To get the most out of your weight training program wether you work with a personal trainer, train alone at Gym Des Moines or in Venice beach at the Original Mecca Golds Gym. You must understand the end goal. Doing more sets, reps and moving the weight for a longer time or heavier weight are simply the tactics these are not the end goal.


Being focused on out doing the guy next to you or lifting a heavier weight should not make you lose sight of the reason you are doing it: muscular development.


So to maximize your muscle growth first you must know what directly will stimulate the response you want. There are really 5 major factors that make your muscles grow. Here they are in order of most to least importance. Put these into play next time you visit your Des Moines Gym and hit the weights and soon you will see new growth in your muscles.

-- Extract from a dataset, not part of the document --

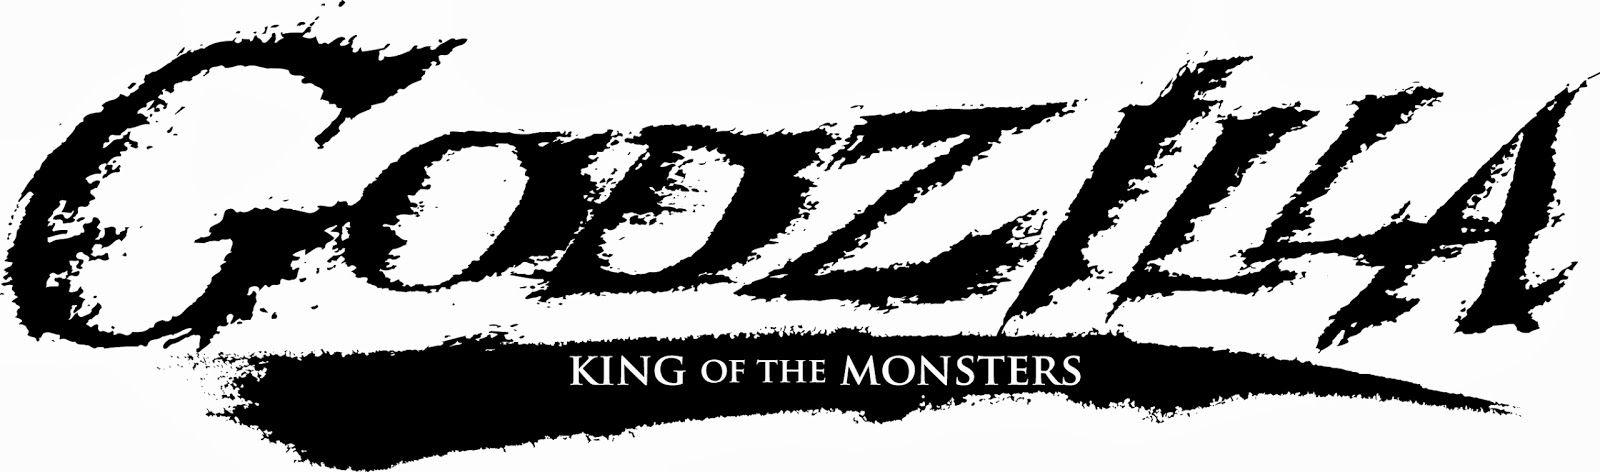 Godzilla Black and White Logo - The Vysther's Halloween Haunt Journal: ALL HAIL GODZILLA - On his ...
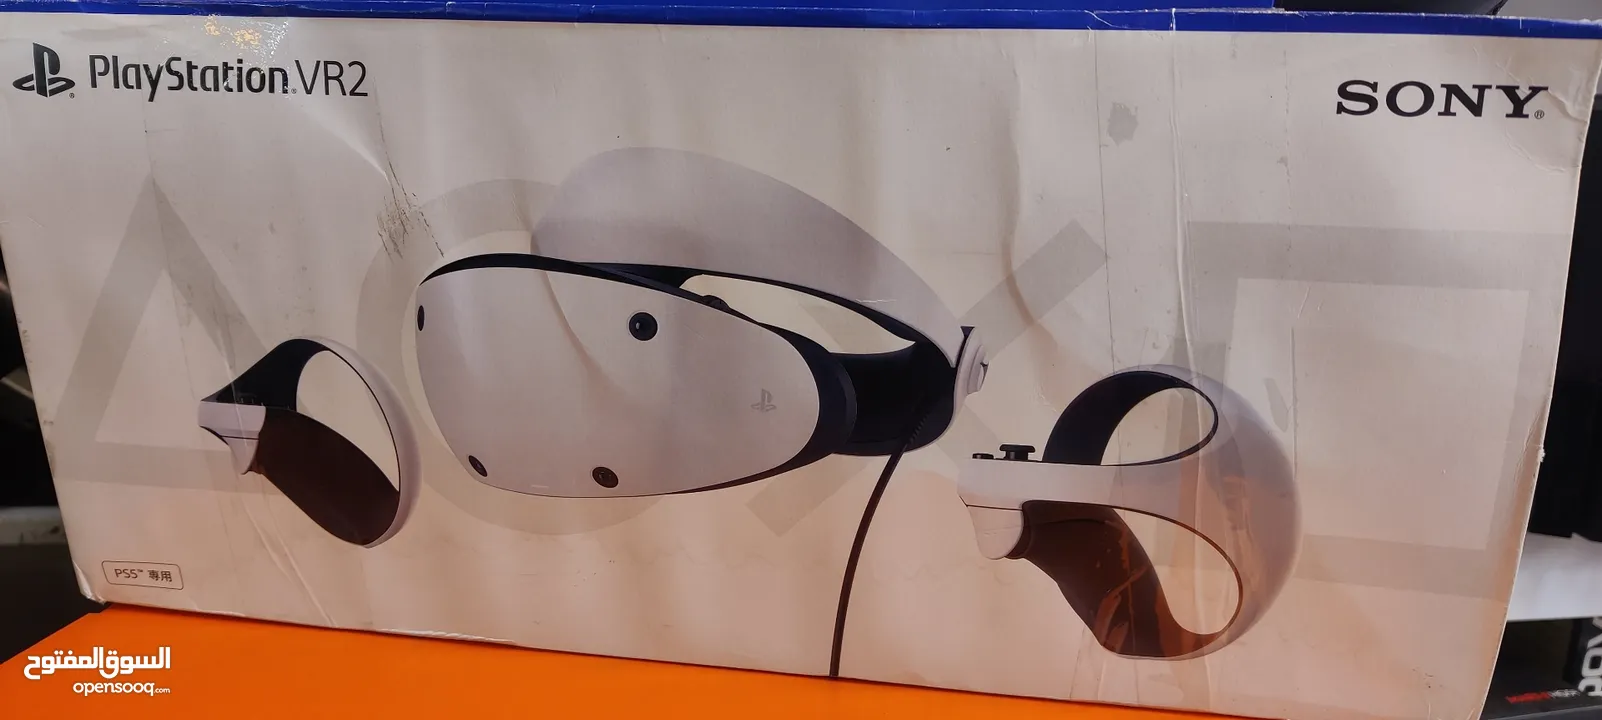 Playstation VR2 open box

  1. Stretching Tension– The negative phase of a lift (for example the decent of the bar on a bench press after you have lifted the weight off your chest) is the most important factor. Your muscles resist the pull of gravity on the weights, this confrontation of forces causes a lot of cellular damage to the fibers of your muscles and forces them to repair and grow bigger. To use this information to your advantage one good strategy is lowering the weight or yourself on body weight exercise for 3-5 seconds.

  1. Contraction Tension– When your muscles struggle to contract because of the force of heavy weight on them, your muscle must strengthen itself. So simply continually use progressively heavier and heavier weight to stimulate the muscle building response.

  1. Time Under Tension– Another important factor to consider is the amount of time you spend moving the weight. The heavier the weight the fewer the repetitions you can do, the lighter the weight the more you can do. So if your max on squat is 315 and you do it 1 time you will stimulate power but not enough time is spent under tension to stimulate muscle growth. On the other hand if you pick up a weight and can do, 20,30 or more reps that is more cardio training than weight training and you wont stimulate muscle growth.

So the optimum range to stimulate your muscles to grow is about 70% of your maximum or 6-12 reps.

  1. Lactic Acid Build Up– Once your muscles flood with lactic acid they means they are reaching the maximum of what they can endure. Handling this pain for as long as possible will take your muscles to the edge of what they can do and forces them to grow. So resist the burn as long as you can.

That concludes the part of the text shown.